As an educational project (focusing on my own mastery of deep learning concepts), this framework is primarily compatible with solving multi-class problems (>2). It was designed to address the problem of digit recognition using the MNIST database.

The results highlight the learning capabilities of the model.

![](/data/images/loss_and_acc.png "Loss and accuracy during training.")
![](/data/images/testset_perf.png "Validation performances")

![](/data/images/testset_conf.png "Validation confusion matrix")

The validation test shows accuracy ranging from 92-95%. Goal of this project was not to achieve 99% accuracy but decent learning capabilities, since this implementation is from scratch.

However, a test with a second, smaller dataset of hand-written digits formatted in the same way yields poorer results (shown bellow). A basic hypothesis would be overfitting on the MNIST dataset features so the model struggles with slightly different pixel colorations.

![](/data/images/devset_perf.png "Devset performances")

![](/data/images/devset_conf.png "Devset confusion matrix")

I have not focused much on improving the results of this test since it is not the project's goal, but there is room for improvement, especially in data formatting more than in the neural network's capability. For more details on the data from the second validation test, see the notebook titled: `image_extraction_for_devset_validation.ipynb`.
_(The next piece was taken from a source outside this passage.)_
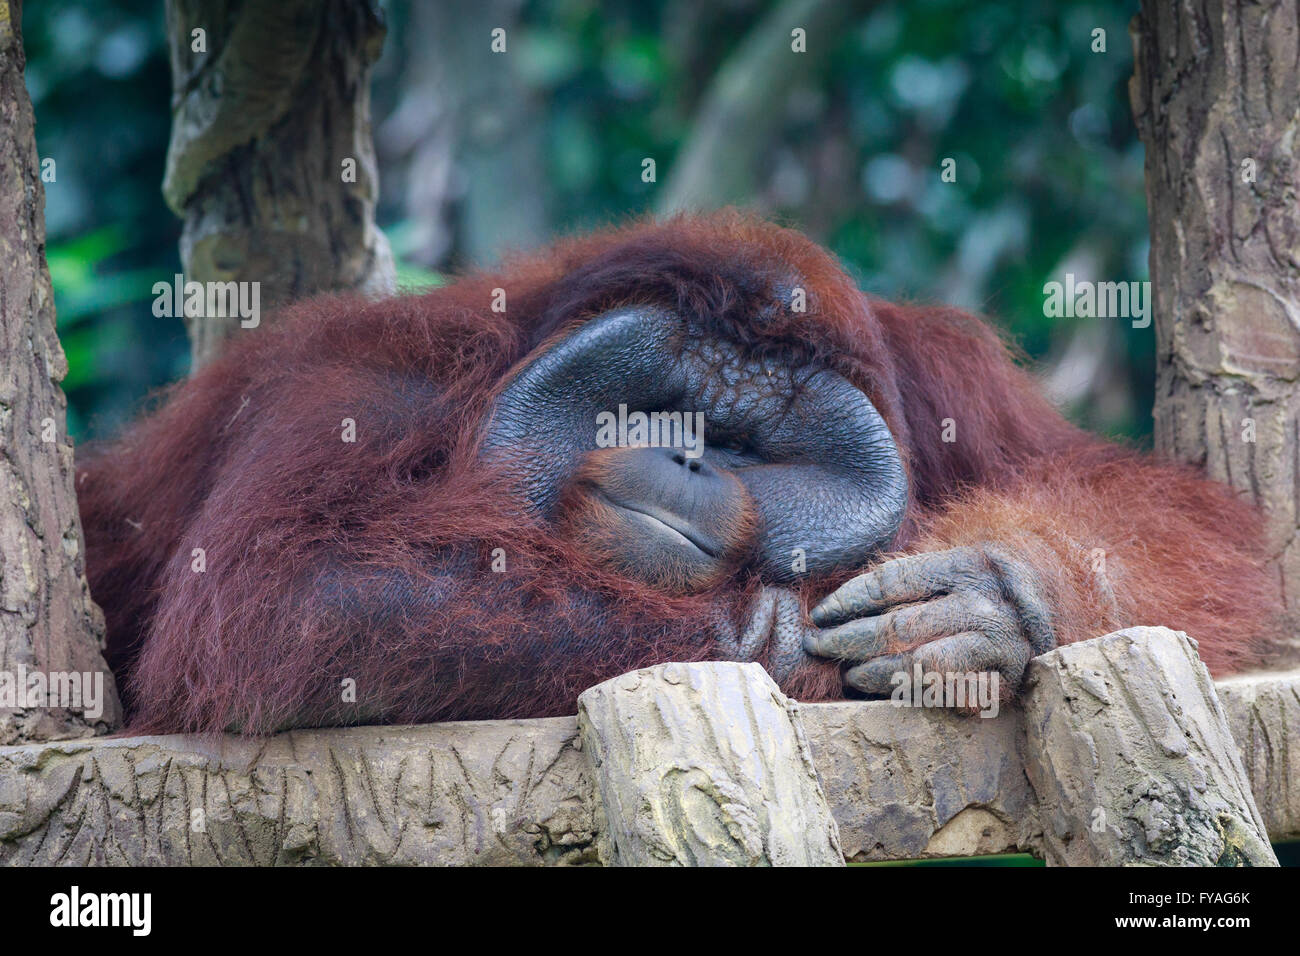 Orangután posando delante de la cámara. Los orangutanes son exclusivamente las dos especies asiáticas de extant grandes simios. Foto de stock

I also suspect this implementation to overfit on the MNIST dataset so it struggles with slightly different data representation such as the test one. In order to improve this, I suggest to implement Dropout layers so the neural network is more capable of generalization and less sensitive to overfitting.

The `mnist_with_tensorflow.ipynb` notebook compares this implementation with TensorFlow, a leading industry deep learning framework.

## Areas for Improvement

- Enhance the complexity of the framework by implementing additional types of layers such as Dropout, convolutions...
- Improve the compatibility of activation functions, optimizers, and loss functions to enrich the framework.
- Enable saving and loading a model (hyperparameters, weights, biases...).
- Optimize memory and CPU usage (numpy, Cython...).